[Extracted data]
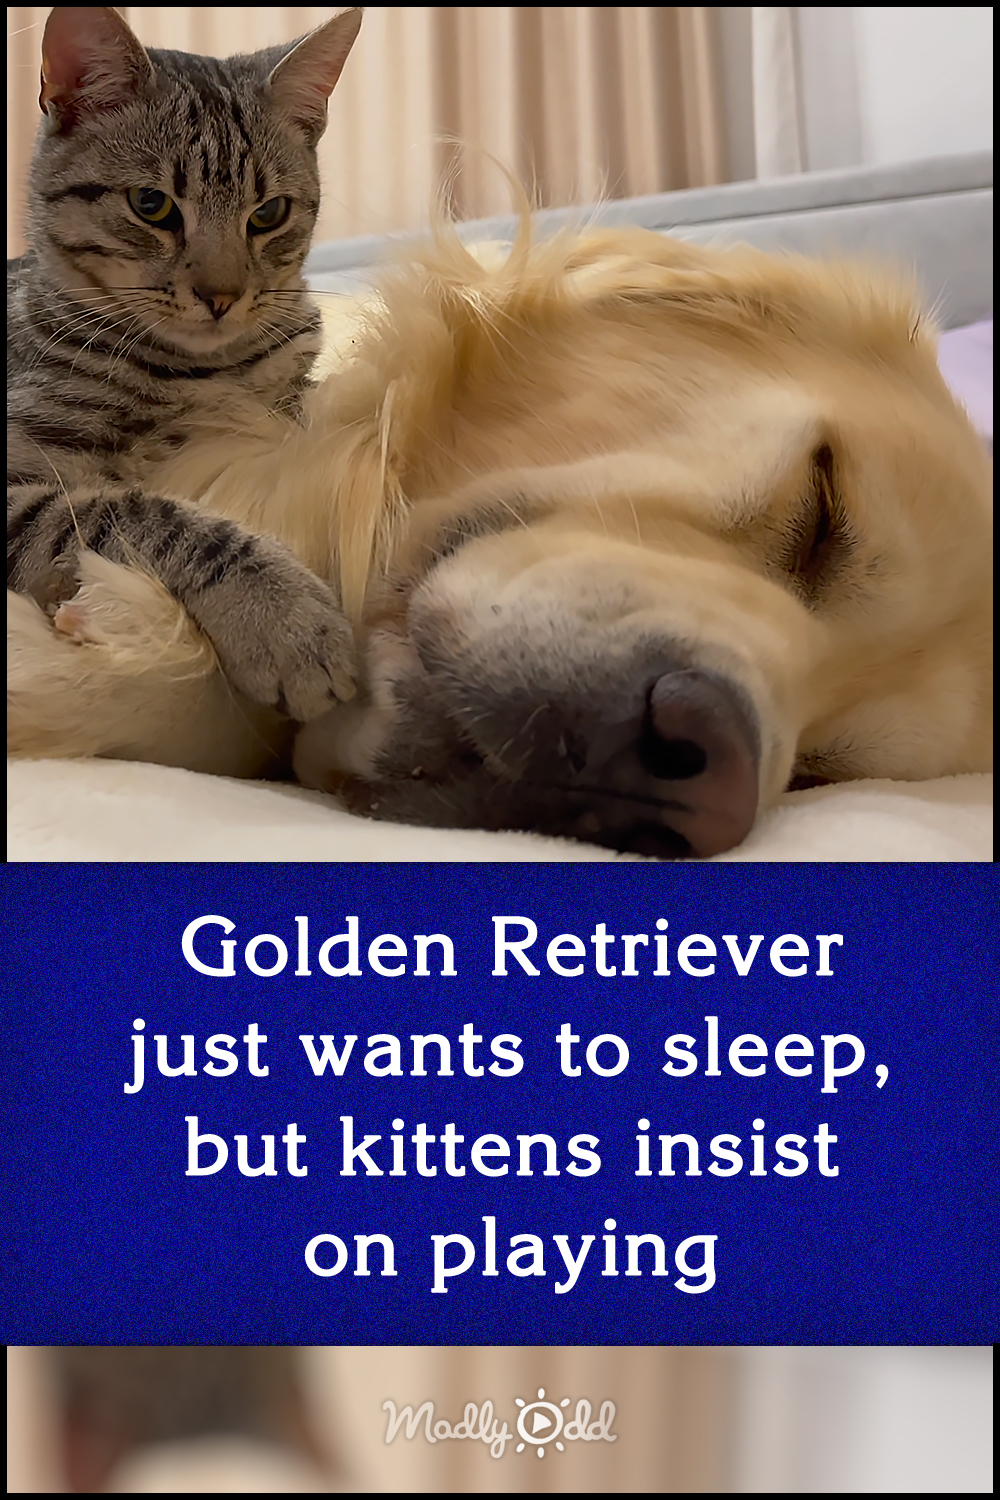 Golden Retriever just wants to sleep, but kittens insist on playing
[/Extracted data]
[Extracted data]
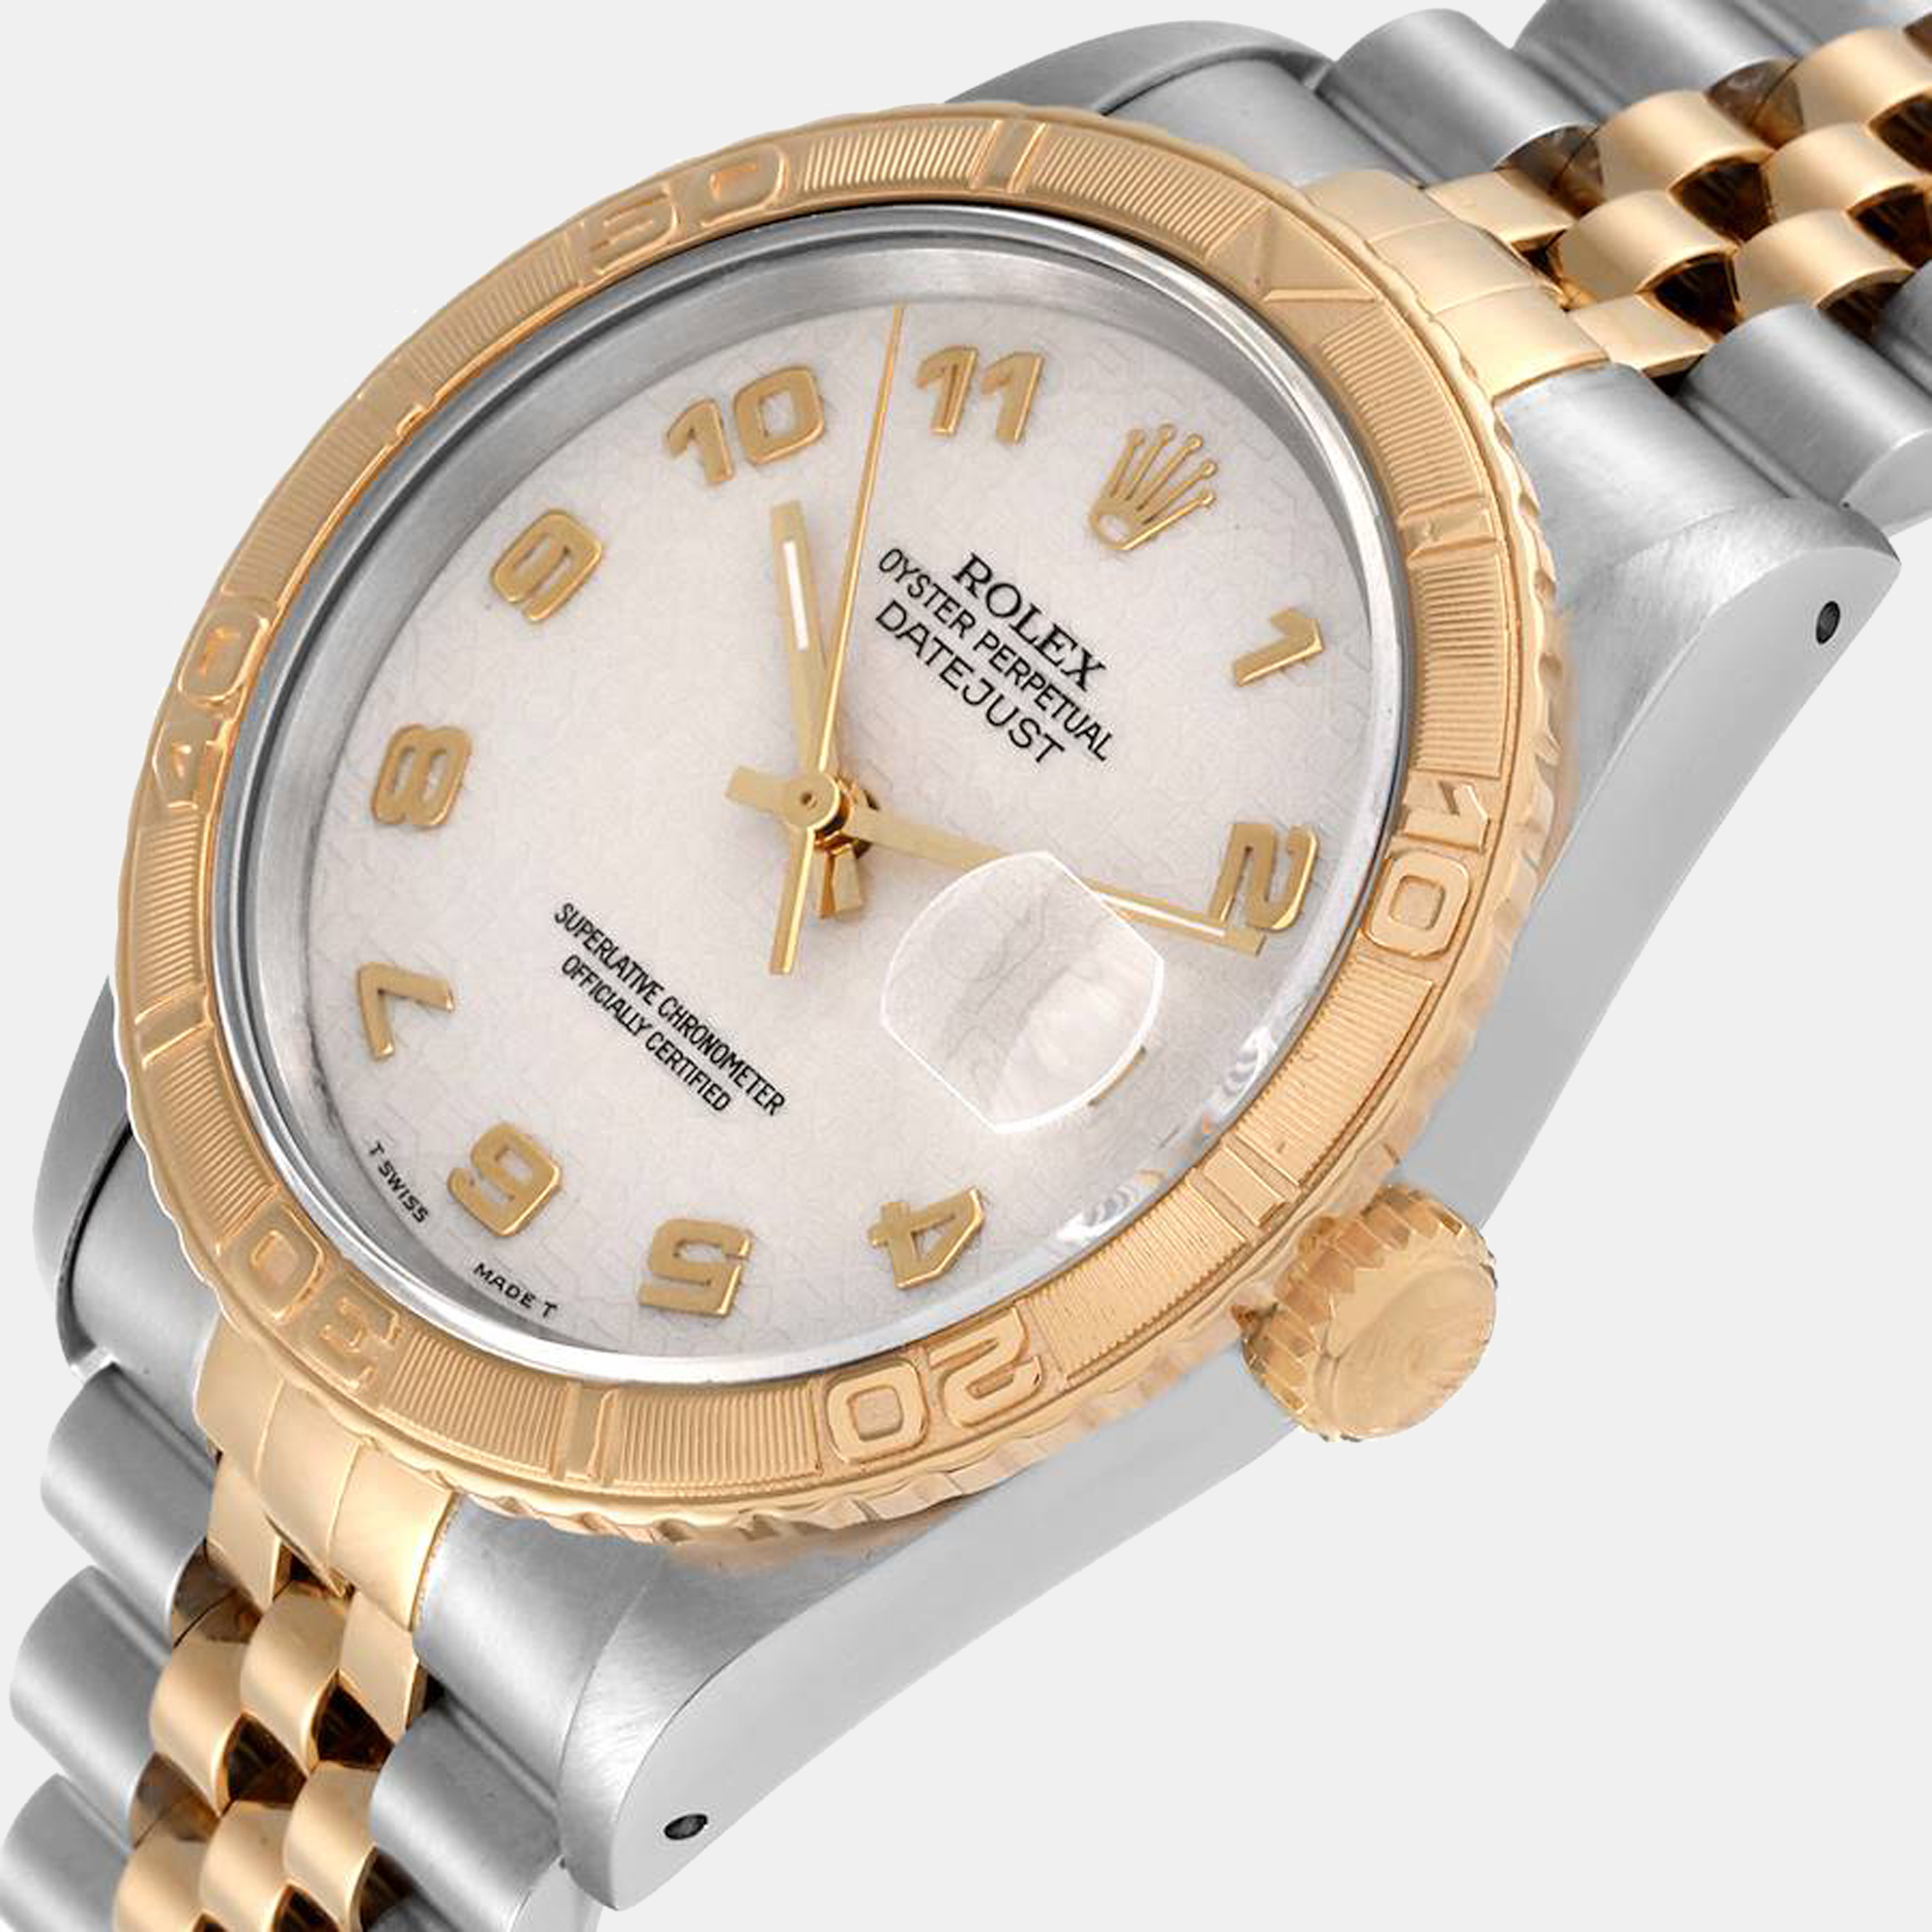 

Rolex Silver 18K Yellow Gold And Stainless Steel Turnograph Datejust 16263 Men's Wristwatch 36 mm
[/Extracted data]
[Extracted data]
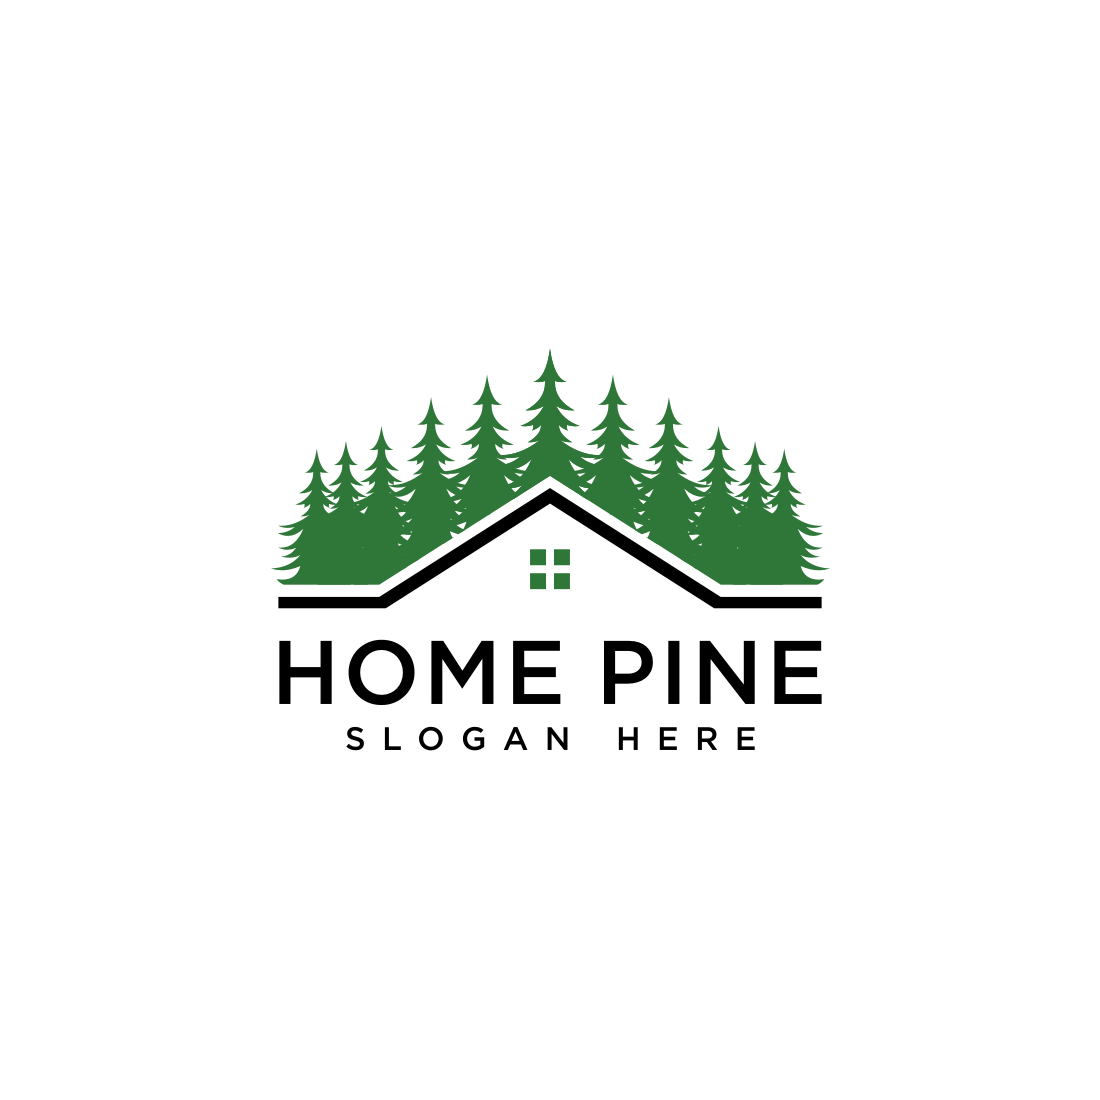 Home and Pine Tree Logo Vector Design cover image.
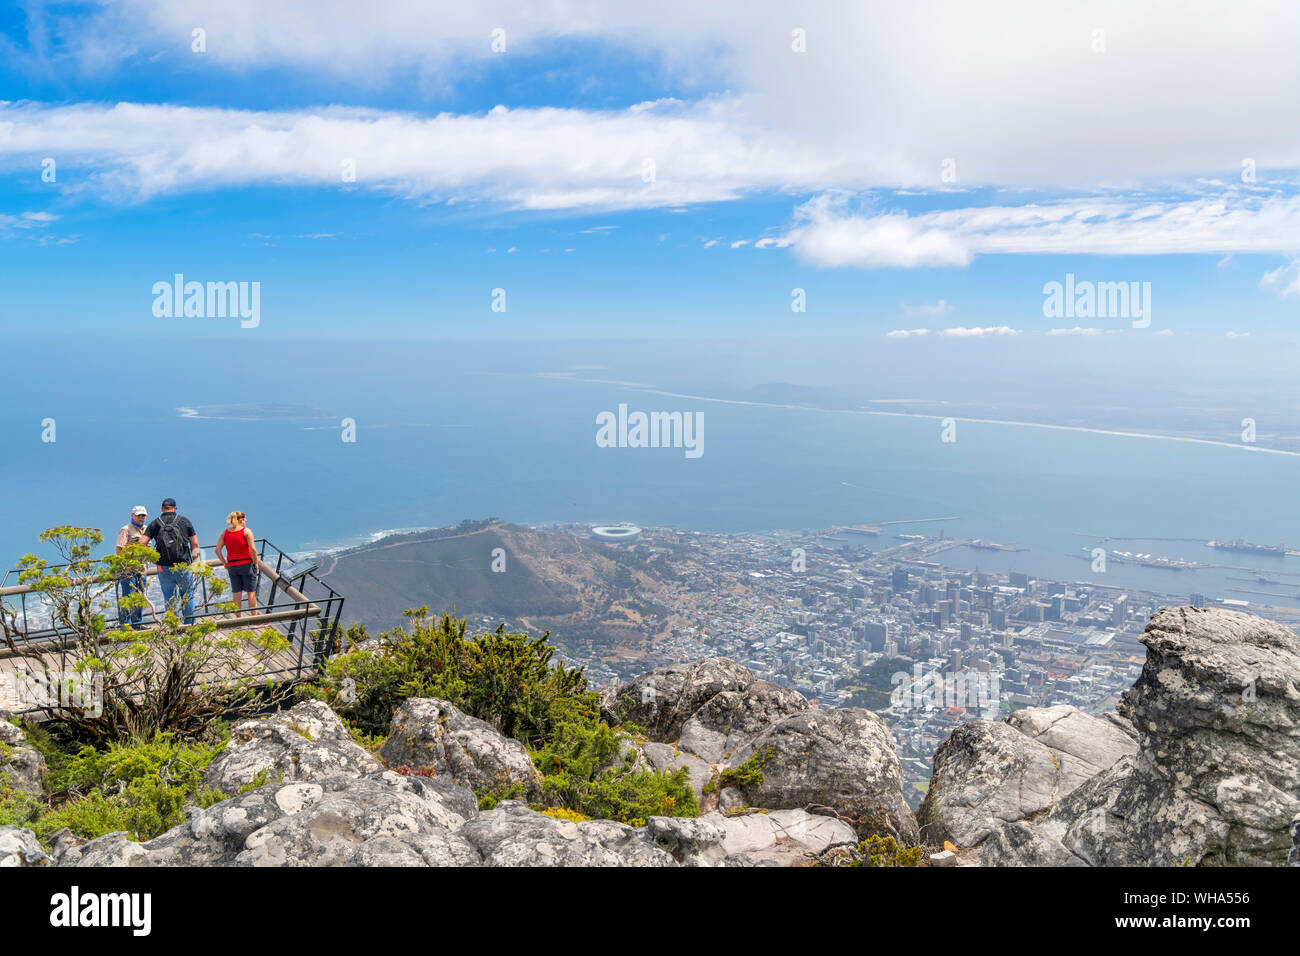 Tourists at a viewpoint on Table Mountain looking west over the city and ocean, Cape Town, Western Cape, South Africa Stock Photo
[/Extracted data]
◆ **Task requirements**:
Line for line, output the entries above from the line with "Home and Pine" to the line with "Tourists at a", both included, and nothing more. Skip pictures.

◆ **Answer to the exercise**:
 Home and Pine Tree Logo Vector Design cover image.
 Tourists at a viewpoint on Table Mountain looking west over the city and ocean, Cape Town, Western Cape, South Africa Stock Photo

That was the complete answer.